(Material supplied begins)
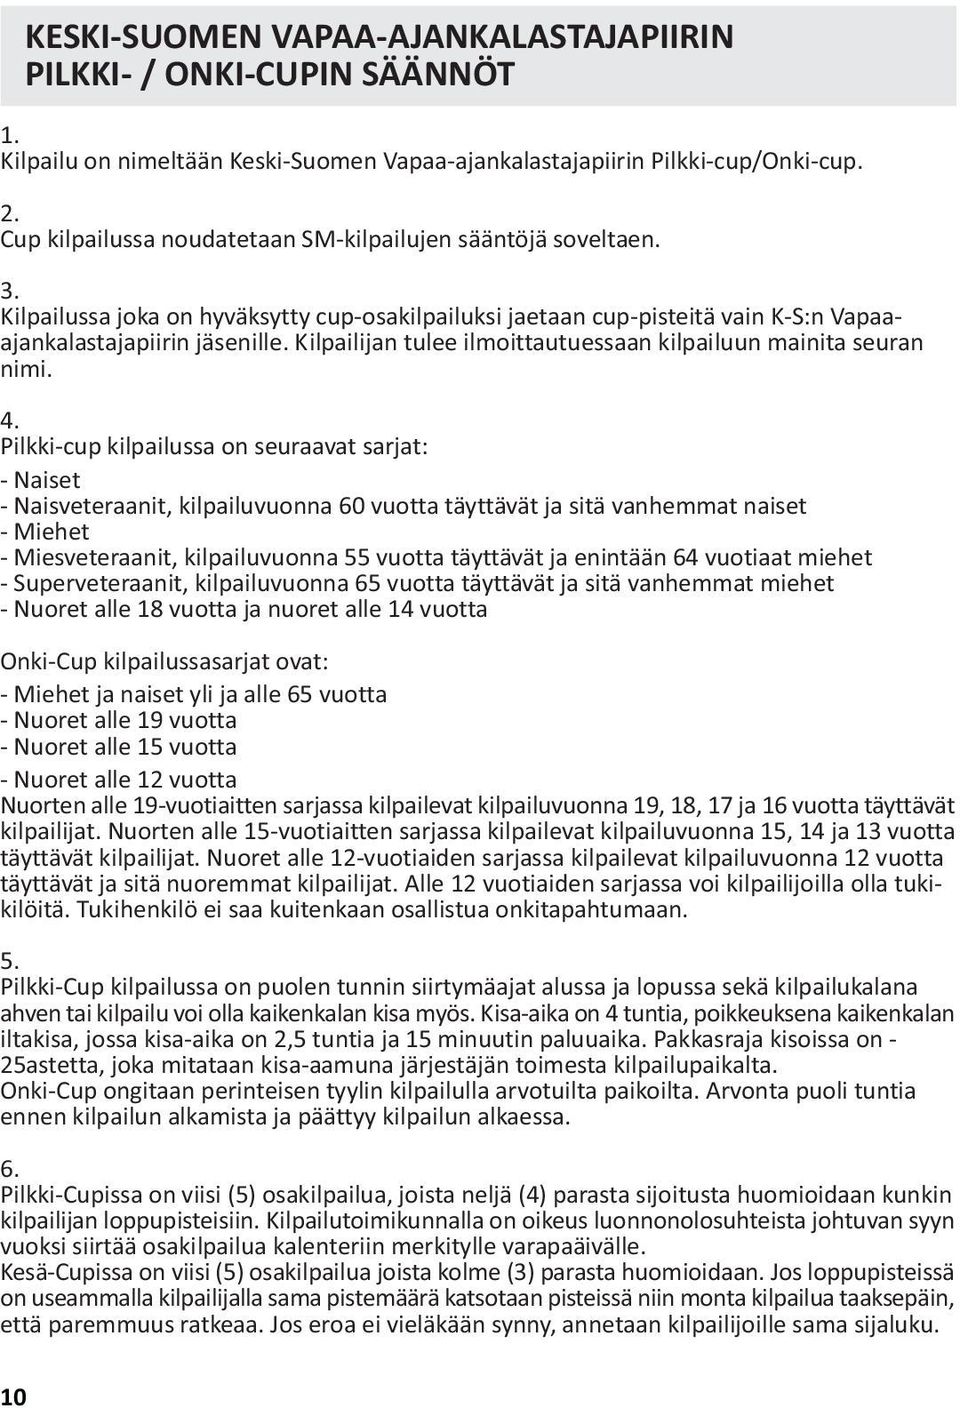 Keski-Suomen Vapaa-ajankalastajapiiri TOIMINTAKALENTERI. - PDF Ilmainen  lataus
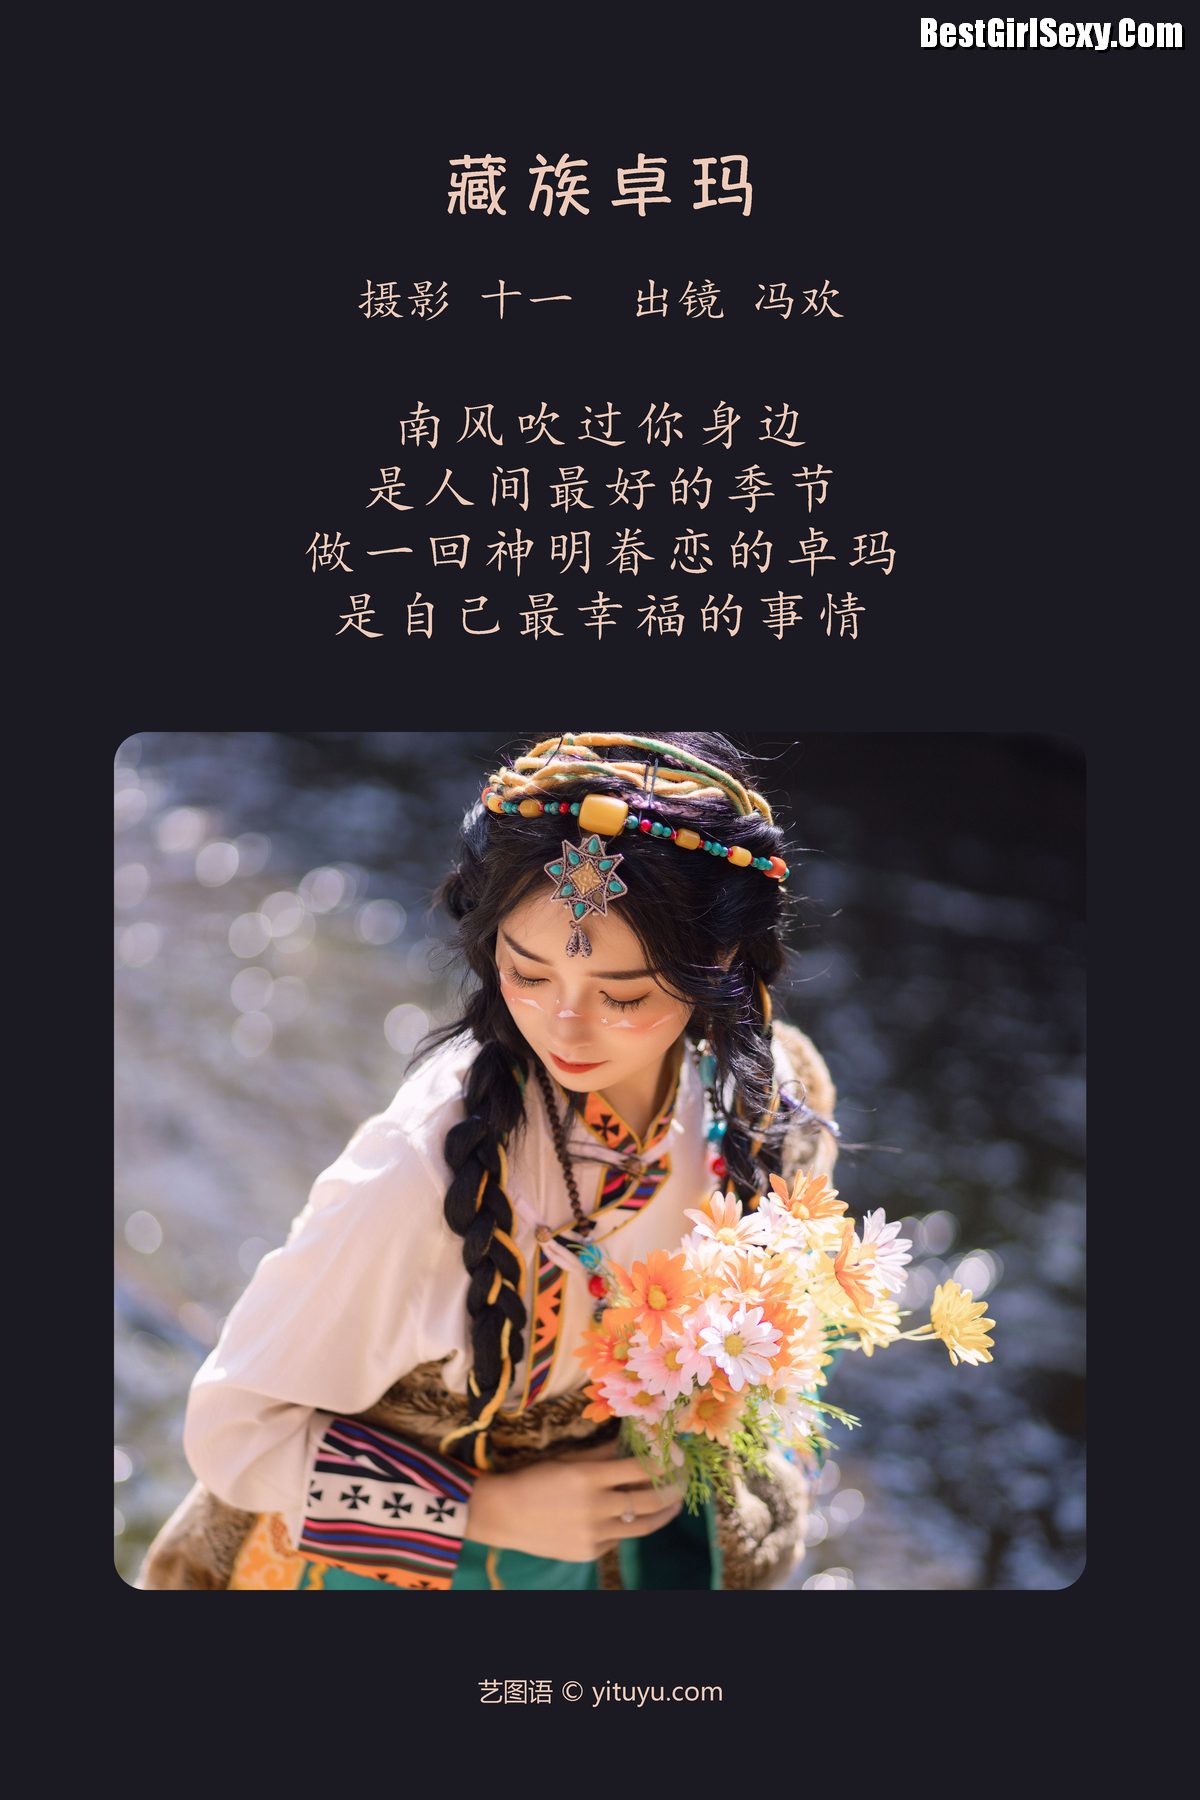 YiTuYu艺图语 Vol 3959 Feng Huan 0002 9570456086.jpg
(Material supplied ends)
(Material supplied begins)
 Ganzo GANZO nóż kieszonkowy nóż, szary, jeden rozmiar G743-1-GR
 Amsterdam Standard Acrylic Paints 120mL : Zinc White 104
(Material supplied ends)
For this task, return exactly the stretch of the listing above from the line with "Keski-Suomen Vapaa-ajankalastajapiiri TOIMINTAKALENTERI." through the line with "YiTuYu艺图语 Vol 3959", inclusive and without pictures.

 Keski-Suomen Vapaa-ajankalastajapiiri TOIMINTAKALENTERI. - PDF Ilmainen  lataus
 YiTuYu艺图语 Vol 3959 Feng Huan 0002 9570456086.jpg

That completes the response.